Subject: Rule Filing No. S-7-24-15; Leveraged Investment Vehicles
From: Doug Engmann
Affiliation: Sage Brokerage Holdings

Mar. 28, 2020



Secretary-
Securities and Exchange Commission
Washington, DC

Sage Brokerage Holdings is pleased to comment on the proposed rule filing regarding the proposed new sales practice rules of customers trading "leveraged/inverse investment vehicles". We applaud the Commission recognition that trading these products requires a higher level of sophistication and understanding of derivatives and leverage. However, we would like to propose an approach to customer due diligence that builds on existing FINRA rules requiring diligence of customers trading derivatives, rather that requiring a totally new infrastructure within existing firms.

Sage Brokerage Holdings is the parent of SageTrader LLC, an Introducing broker that services very active equity and options traders, most of whom qualify for portfolio margin. SageTrader LLC qualifies each trader for portfolio margin along with the clearing firm that the trader is introduced to.

Please note that the principals and many of the staff at SageTrader were principals at FIMAT Preferred in 2005 when we pioneered the introduction of portfolio margin for our customers from 2005-2007 under the SEC Pilot program. We have now had 15 years of history with experiences of customers trading both equities and options with the leverage granted by portfolio margin, as well as the broker-dealers' experience in managing risk and margin for those customers.

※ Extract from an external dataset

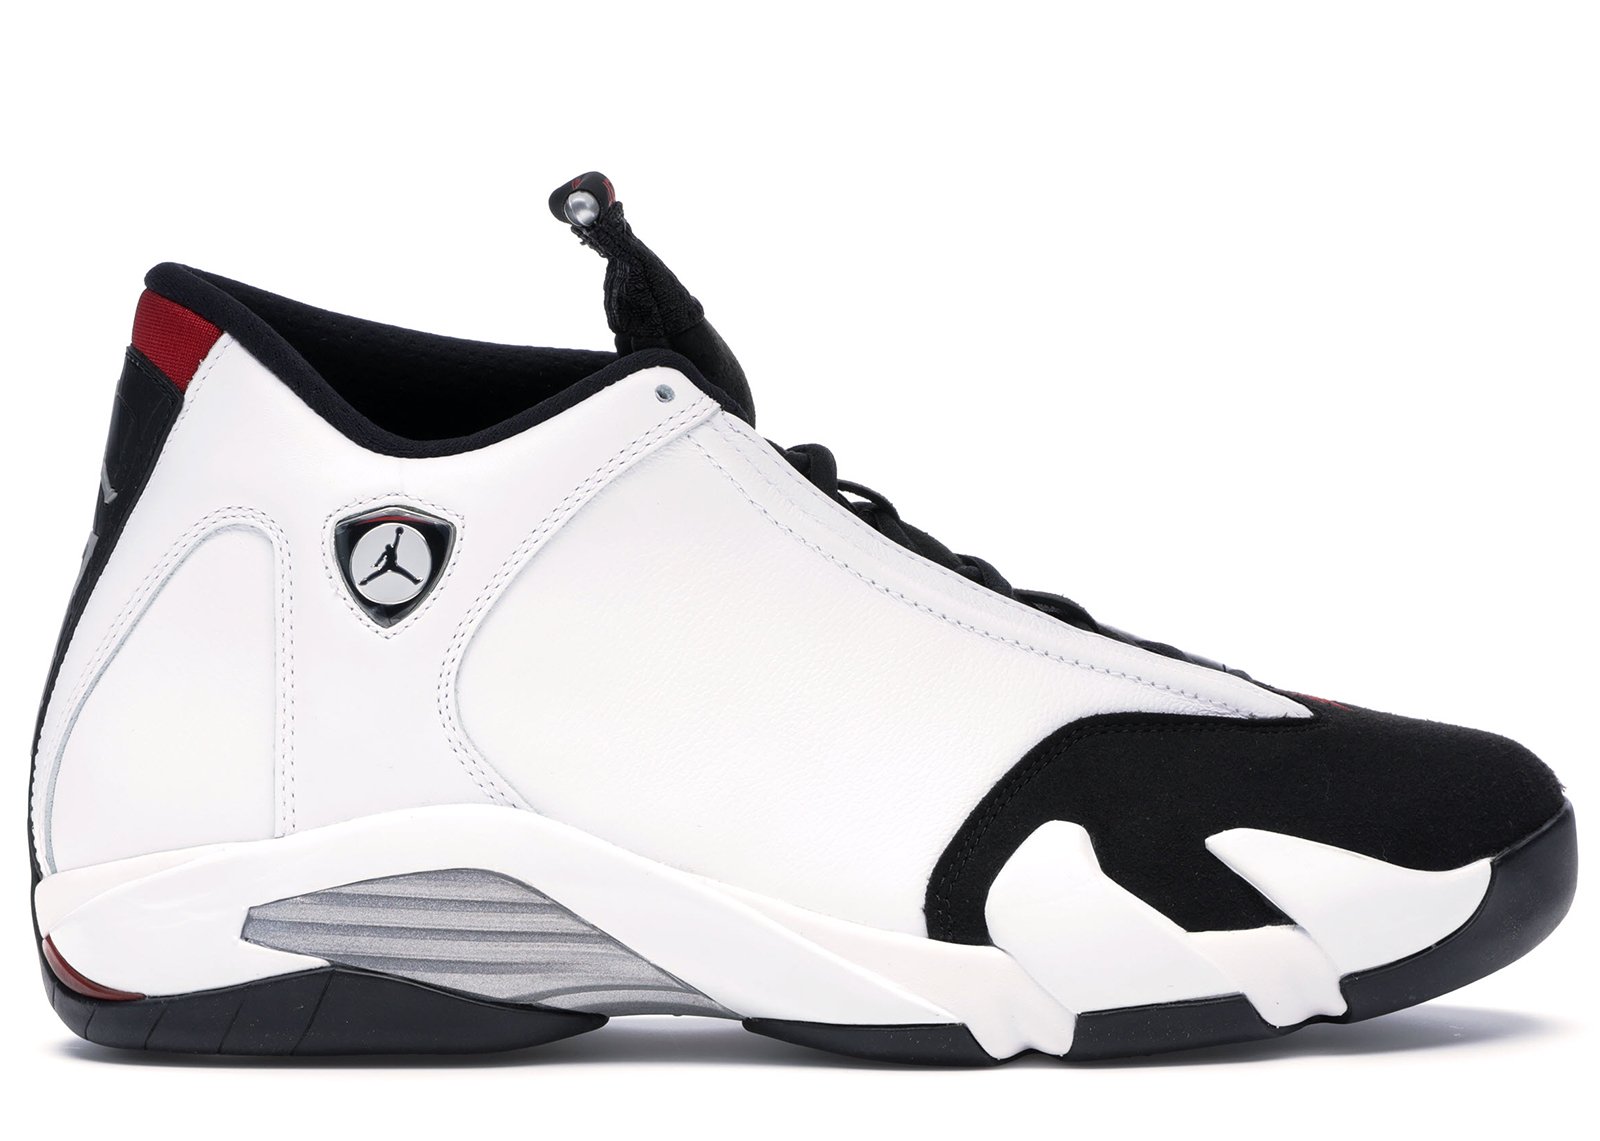 Jordan 14 Retro Black Toe (2014) sneakers

We would suggest that the Commission revise its requirements for those firms that already have been approved by FINRA for portfolio margin, to utilize their existing process to qualify customers for portfolio margin to qualify as well for the trading of leveraged and inverse investment vehicles. The purchase and sale of a double and triple ETF or a short sale of similar instruments under REG T have risks (and rewards) similar to buying an equity under the 15% margin requirement under portfolio margin rules.

As you should be aware, the process for a customer to be approved to be eligible for portfolio margin treatment requires two steps, that are very similar to the qualifications that the SEC is proposing for approval to trade leveraged and inverse instruments.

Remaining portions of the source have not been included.